An Australian psychologist thinks reading Harry Potter is a great way to introduce ideas about hope and how to deal with mental illness and has written a book called Harry Potter Power on the subject. Read all about it. Reminds me of the 2001 Associated Press article, ‘Harry Potter and the Shrinks.’
Psychologists as a rule do not believe the soul, usually called “mind,” has specific faculties as did Plato, Aristotle, and the Church Fathers (i.e. Western Civilization up to and including Freud). They have trouble, consequently, with the Eliade-Lewis-and-Ruskin inspired notion that readers respond to stories about these same faculties more profoundly than they do other tales.
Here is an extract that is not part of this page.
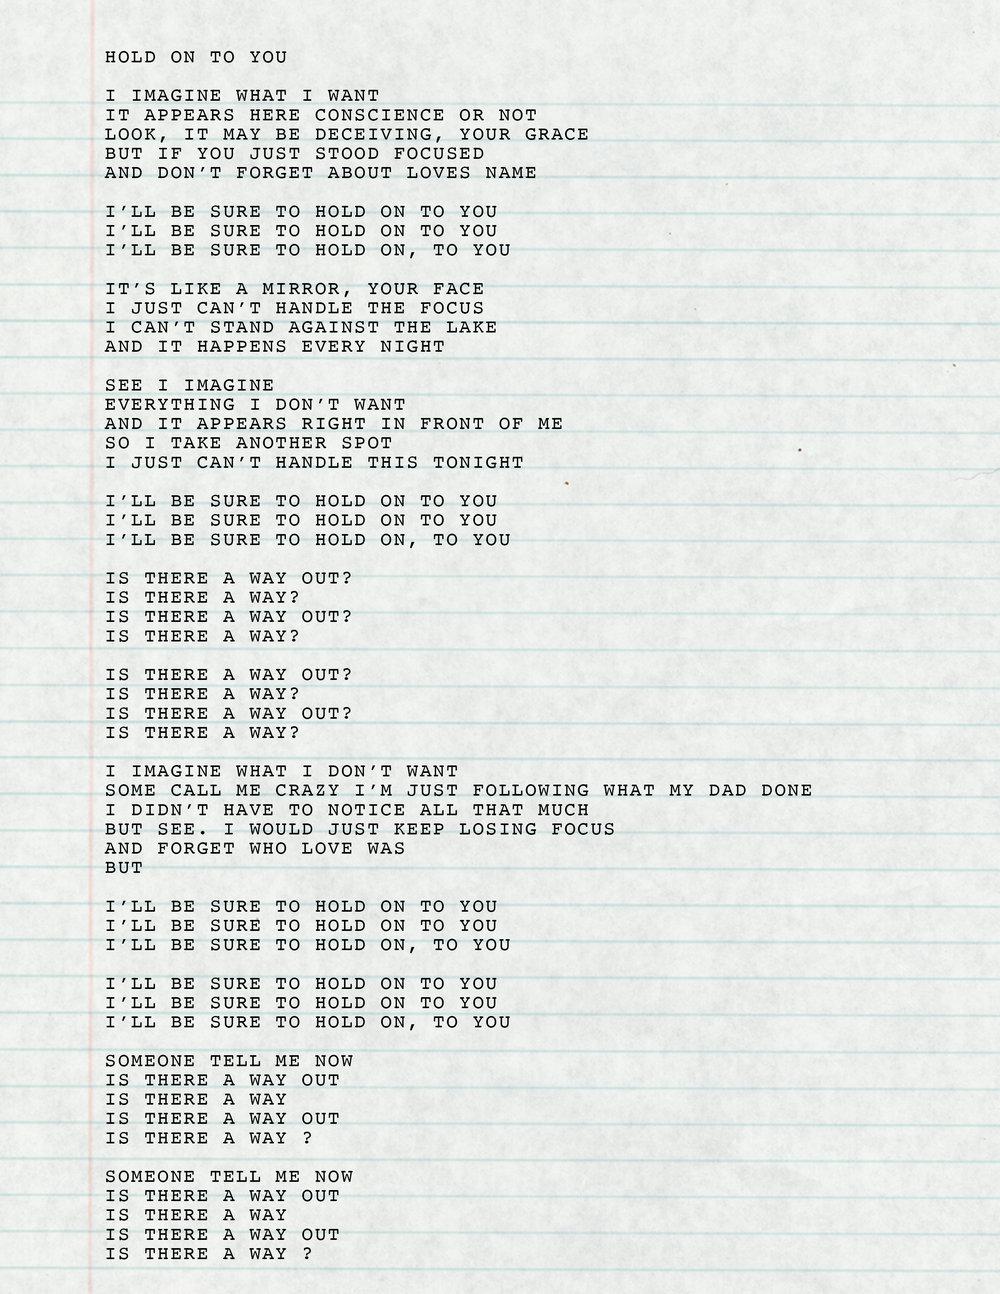 9. Hold On To You Lyrics.jpg

You’d think, though, that the alchemical symbolism, the synchronicity of cartharsis in reader and story subject, and the remarkable transference involved that engages and to some degree transforms the serious reader would draw psychological study and attention beyond clinical tricks.
I trust if any readers find an article by a psychologist on either of these subjects as it relates to Harry Potter and the profound hold Ms. Rowling’s novels have on readers of all ages around the world that you’ll share it. Please suggest the topic to any graduate students in psychology you know, too. Call it ‘Faculty Psychology, Soul Triptychs, and the Alchemical Magic of Reading: Plato and Dostoevsky to Star Wars and Harry Potter.’